The Second World War was still in full swing. But three German soldiers stationed in Paris were already fed up with the violence of war and met secretly in a bistro in 1944. There, they hatched plans to restart German motor racing as soon as the fighting had died down. As a result, Ernst Loof, Georg Meier and Lorenz Dietrich - all three passionate motorsport enthusiasts with a fast beating BMW heart - began building a racing car as early as 1946. For lack of parts, they used the components of a pre-war six-cylinder BMW 328, unbeatable on the racetracks at the time. A year later, when Mercedes-Benz was still licking its wounds and Porsche had yet to be established as a brand, the racing driver Karl Kling drove the first Veritas RS, christened the RS, to victory on the Hockenheimring.

That was the start of the short-lived existence of Germany's first post-war motorsport brand, which only lasted until 1953. It was a case of trial and error, a chronic lack of money but unbroken enthusiasm. Even after BMW banned the trio from using the brand name, they developed models that set the stage for Germany's later motorsport hegemony. It was not a business success, so the few dozen Veritas models built for daily use were rarities from the start.
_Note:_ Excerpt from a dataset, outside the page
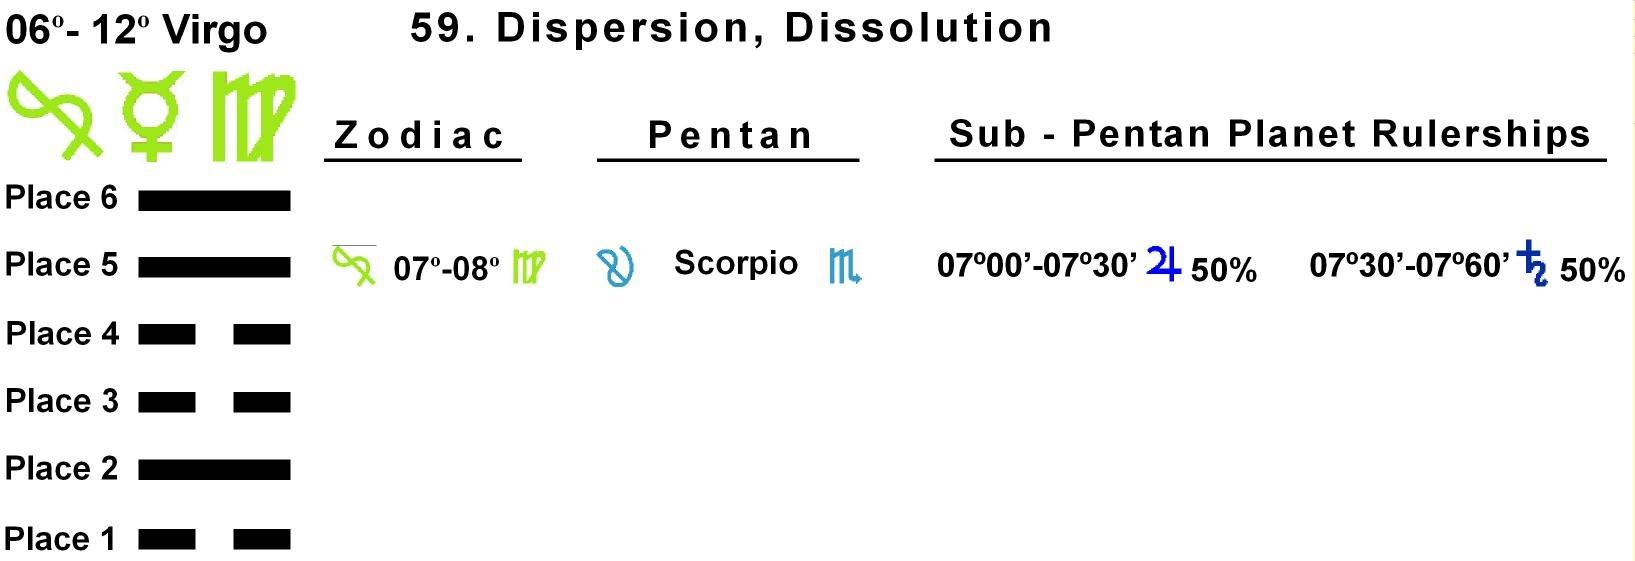 Pent-lines-06VI 07-08 Hx-59 Dispersion

However, with illustrious names such as Meteor, Comet, Saturn, Scorpion or Nürburgring, and decorated with experimental bodywork by famous German coachbuilders such as Authenried, Baur or Spohn Ravensburg, they determined the first successes of the burgeoning economic miracle. The trio even produced their own six-cylinder two-litre engine built by Heinkel.

When the initial racing successes faded despite talented German drivers such as Karl Kling, Wolfgang Seidel, Alfred Brudes and Auto, Motor & Sport founder Paul Pietch, the end of Veritas was in sight.  An annual production of only a few cars did not offer any future. An attempt to offer light and affordable sports models based on the 850 cc two-cylinder Panhard Dyna also failed. Sales of these were reported to be just 184 units. After Meier and Dietrich left the business, Ernst Loof tried again on his own, at a new location at the Nürburgring. But in the last Veritas models created there, he even fitted civilian Opel or Ford engines in 1953 - a sad awakening from a sports car dream.